# Upload a local datafile to add or replace a Dataset in a Collection

The script in this notebook performs the upload of a local datafile to a given Collection (as identified by its Collection id), where the datafile becomes a Dataset accessible via the CZ CELLxGENE Discover data portal.

In order to use this script, you must have a Curation API key (obtained from upper-righthand dropdown in the CZ CELLxGENE Discover data portal after logging in).

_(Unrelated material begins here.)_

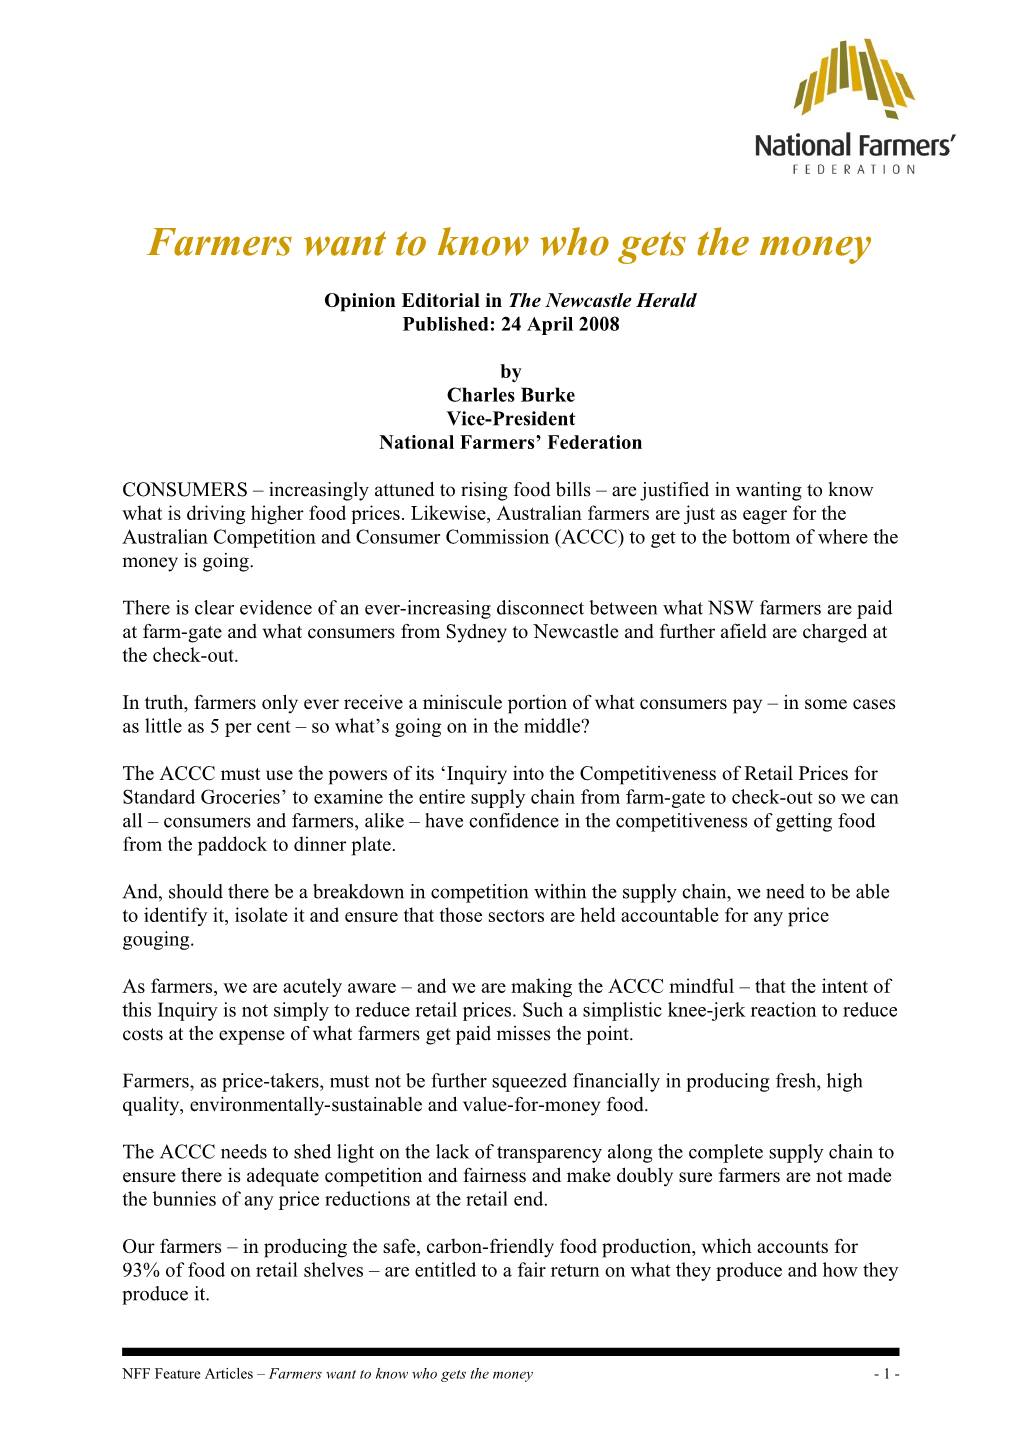 Farmers Want to Know Who Gets the Money

_For **new** Datasets_: You must separately create a Dataset (the `create_dataset.ipynb` notebook). Then, use the returned Dataset `id` as the suffix (append to the `UploadKeyPrefix` returned from the `/s3-upload-credentials` endpoint) of the S3 upload key. See code below, or read more detailed instructions about how to submit Datasets via S3 upload in [the description for the credentials endpoint](https://api.cellxgene.cziscience.com/curation/ui/#/collection/backend.corpora.lambdas.api.v1.curation.collections.collection_id.datasets.upload_s3.get).

_For **replacing/updating** existing Datasets_: Uploads to a Dataset id that is already populated with data will result in the existing Dataset being replaced by a new Dataset created from the datafile that you are uploading.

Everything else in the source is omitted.